Copy each line below exactly as it appears. Pictures are to be omitted.

▸ DATA PROVIDED:
=== Section Start ===
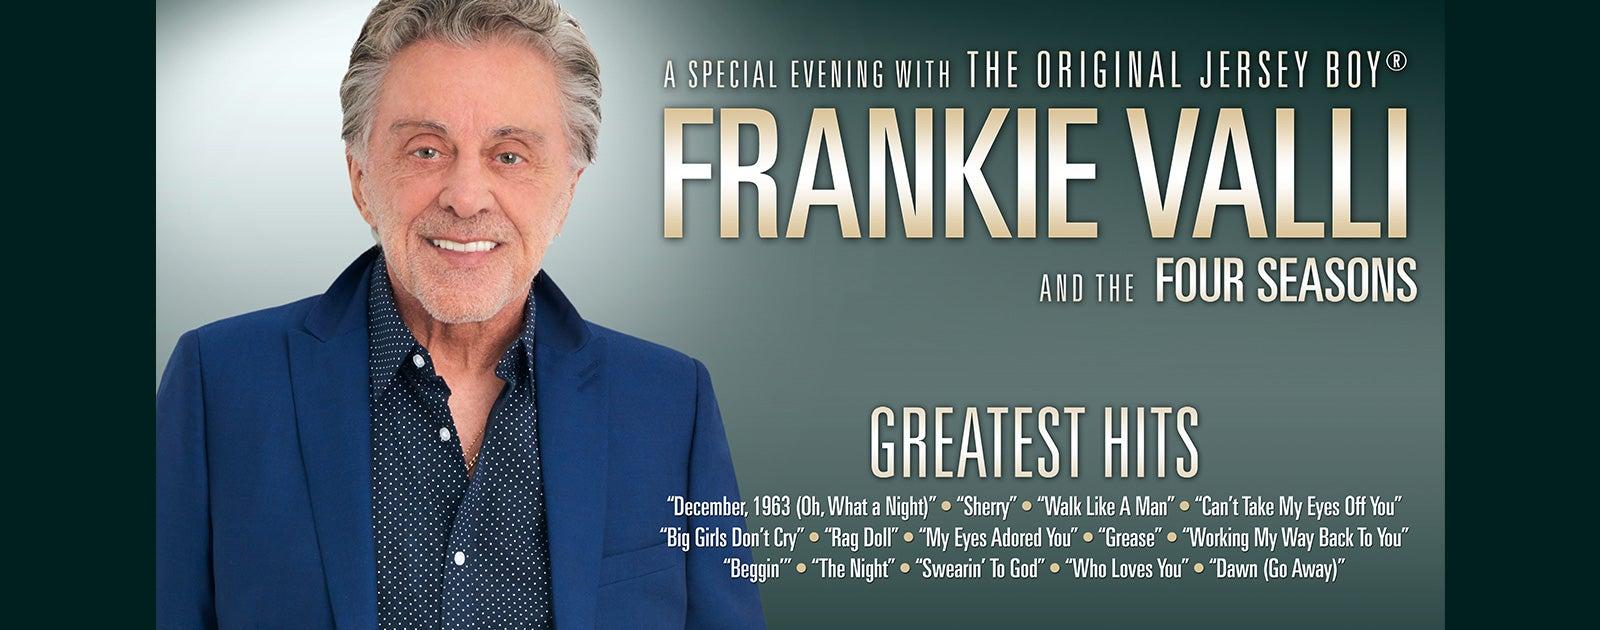 Frankie Valli & The Four Seasons - RESCHEDULED
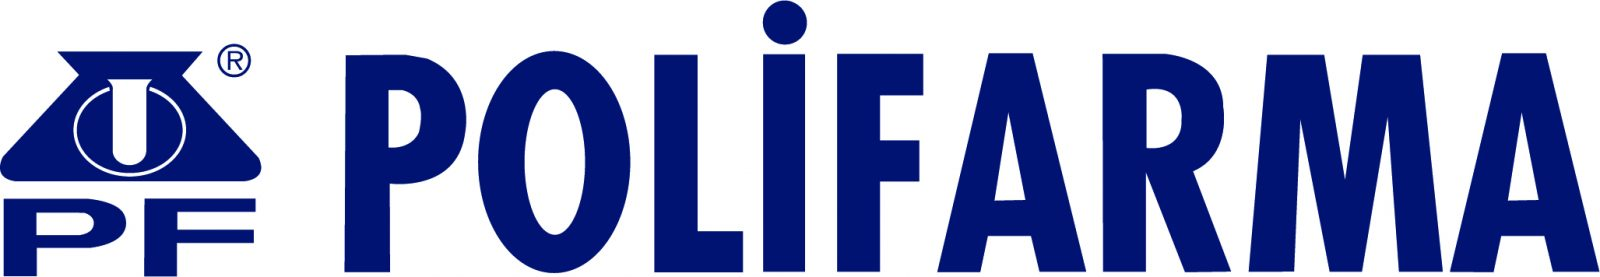 Polifarma logo yatay kullanım tek
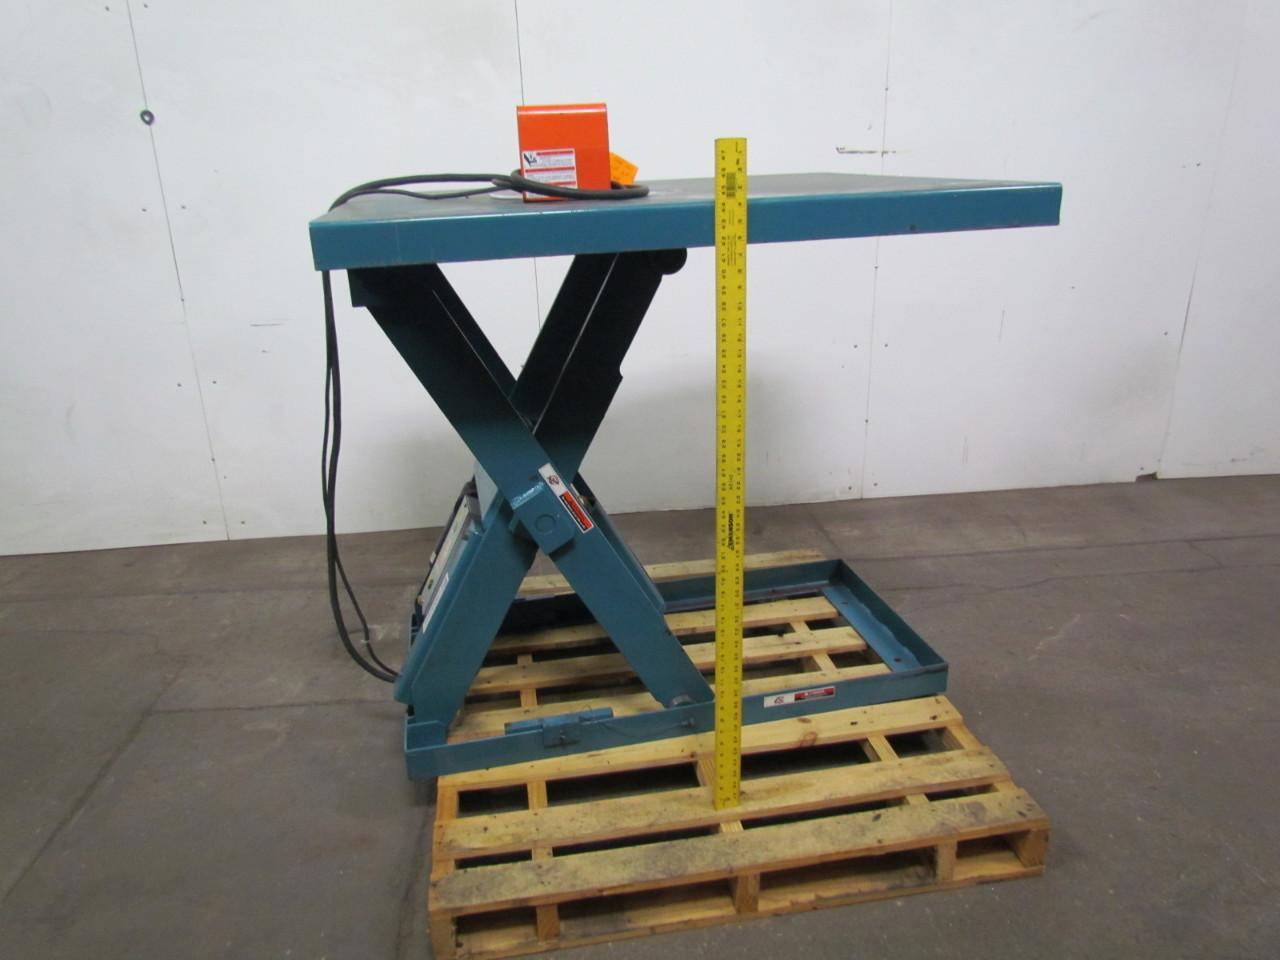 Used Hydraulic Lift Tables : Advance lifts p tz hydraulic scissor lift table lb
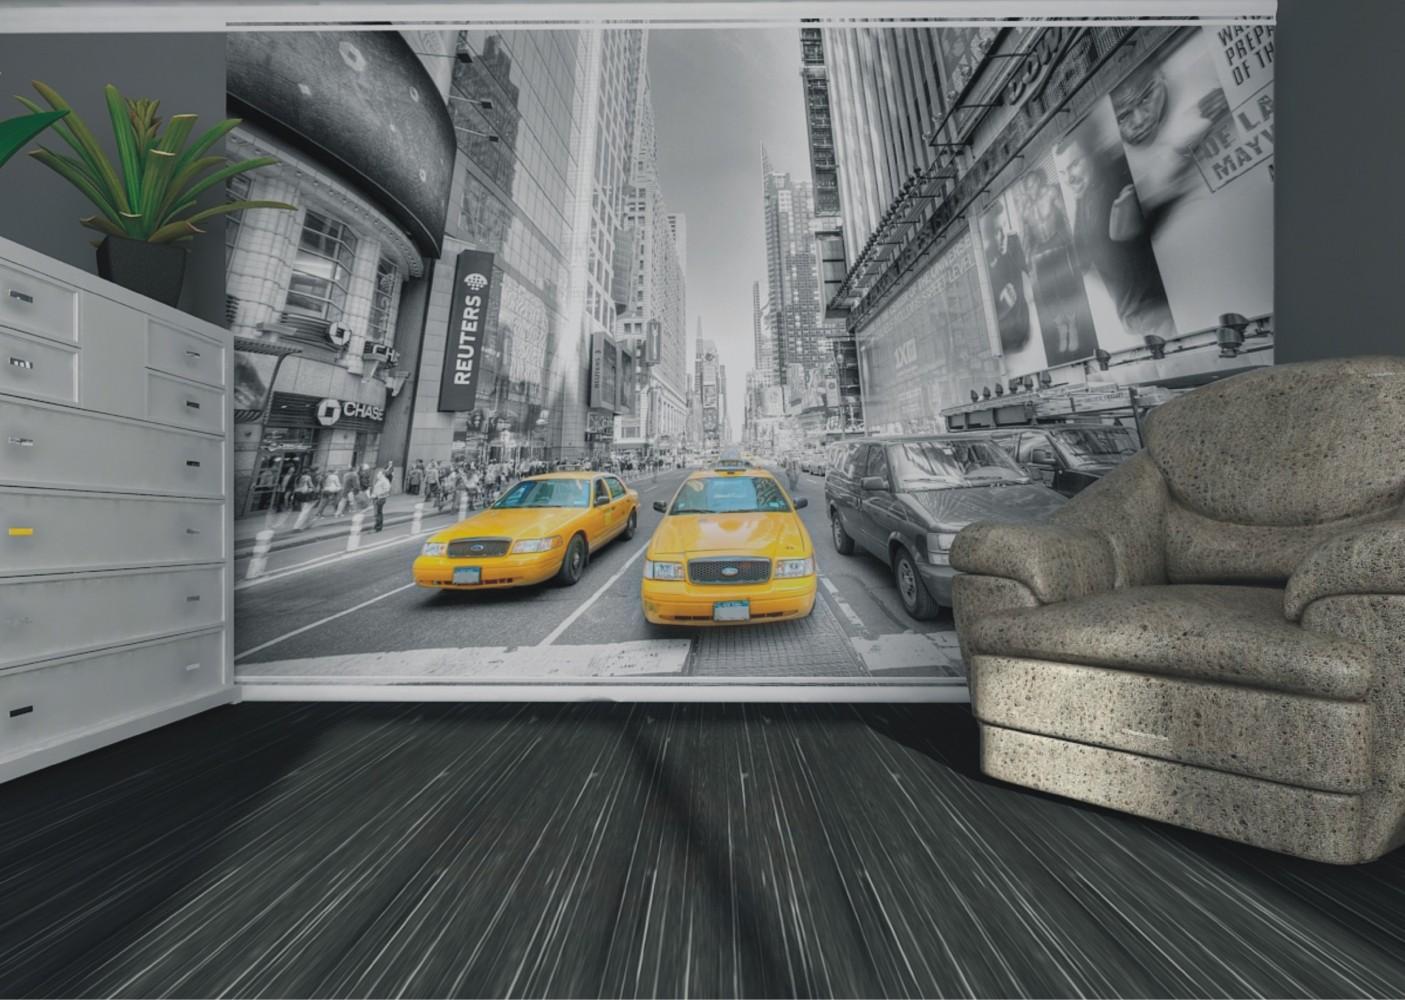 wall mural wallpaper new york taxi yellow cap manhattan. Black Bedroom Furniture Sets. Home Design Ideas
=== Section End ===
▸ EXERCISE SOLUTION:
 Frankie Valli & The Four Seasons - RESCHEDULED
 Polifarma logo yatay kullanım tek
 Used Hydraulic Lift Tables : Advance lifts p tz hydraulic scissor lift table lb
 wall mural wallpaper new york taxi yellow cap manhattan. Black Bedroom Furniture Sets. Home Design Ideas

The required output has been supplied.